On the flexibility of 2D Euler steady states

TL;DR

This paper demonstrates that smooth steady states of the 2D Euler equations can exhibit greater flexibility than previously thought, allowing for vorticity functions that are not globally single-valued, even near stable configurations.

Contribution

It shows that the previously assumed functional relationship between stream function and vorticity does not hold for smooth steady states, revealing new structural possibilities.

Findings

Smooth steady states can have multiple critical points with non-single-valued vorticity functions.

There exist isolated branches of stable steady states not connected to analytic solutions.

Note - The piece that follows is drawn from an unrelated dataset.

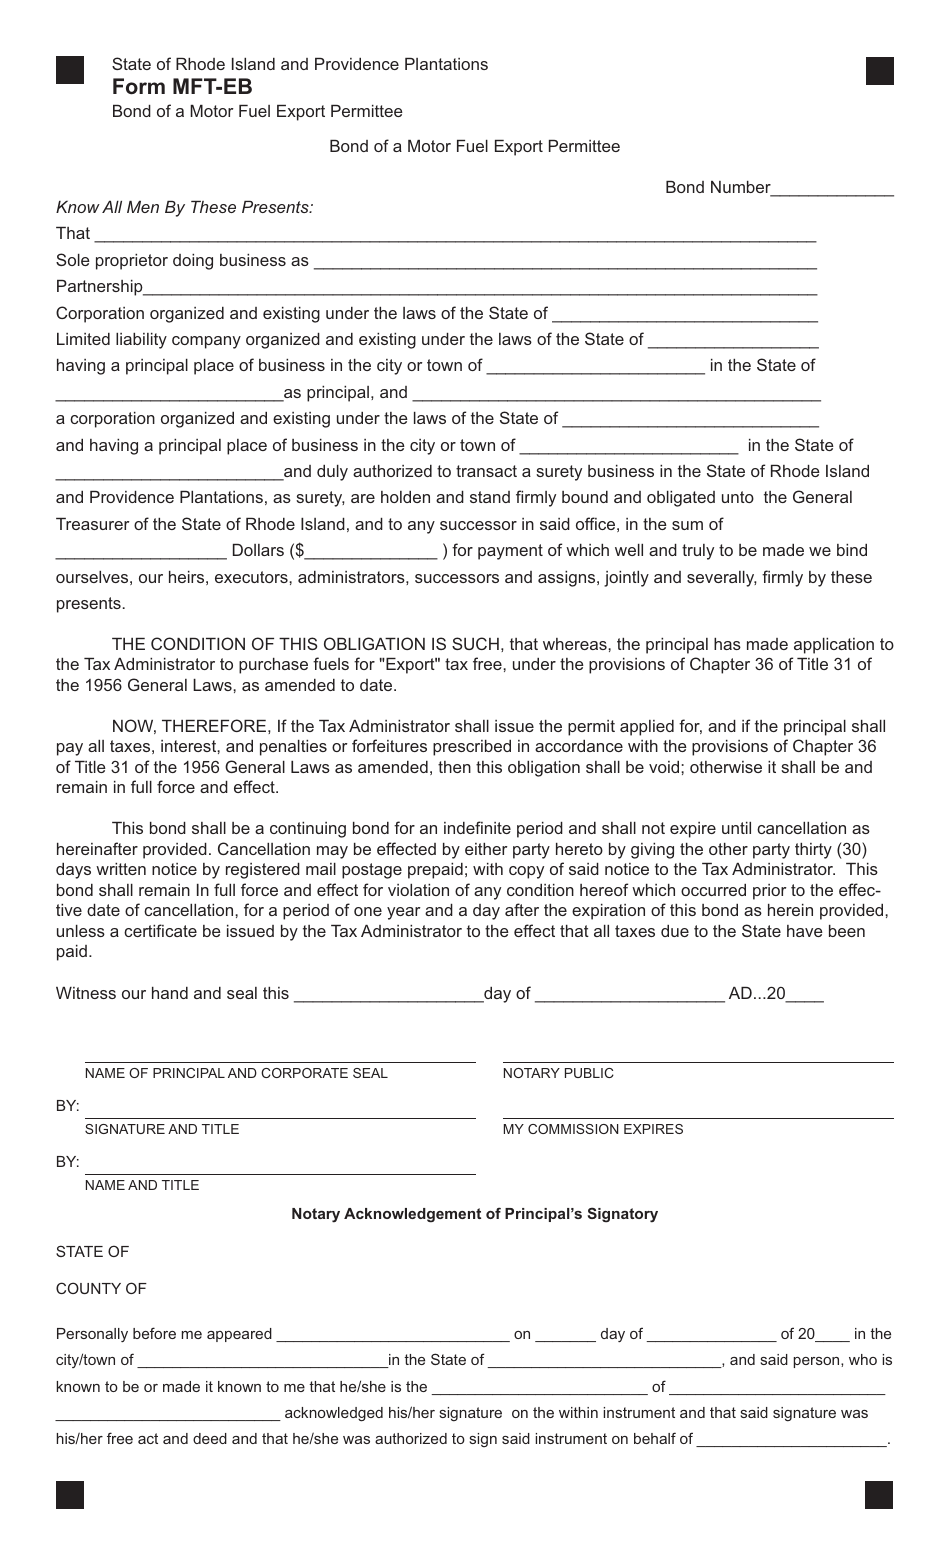 Form MFT-EB Bond of a Motor Fuel Export Permittee - Rhode Island, Page 1

Flexibility results are also established near the degenerate cellular flow on the flat torus.

Abstract

We consider steady states of the incompressible Euler equation on two-dimensional domains. For non-radial analytic steady states on bounded simply connected domains, it was shown previously that there must be a global functional relationship between the stream function and the vorticity. We show that this does not extend to smooth functions, even under further structural assumptions such as the Morse condition or Arnold's stability criterion. More precisely, we show that a broad class of steady states with multiple critical points can be perturbed to smooth steady states for which the vorticity is not a single-valued function of the stream function. We also establish an analogous flexibility result near the cellular flow on the flat torus, which is a degenerate case. As a consequence of our constructions, there are "branches" of smooth steady states that are isolated from analytic ones. In some cases, the resulting isolated branches can even consist entirely of linearly stable steady states.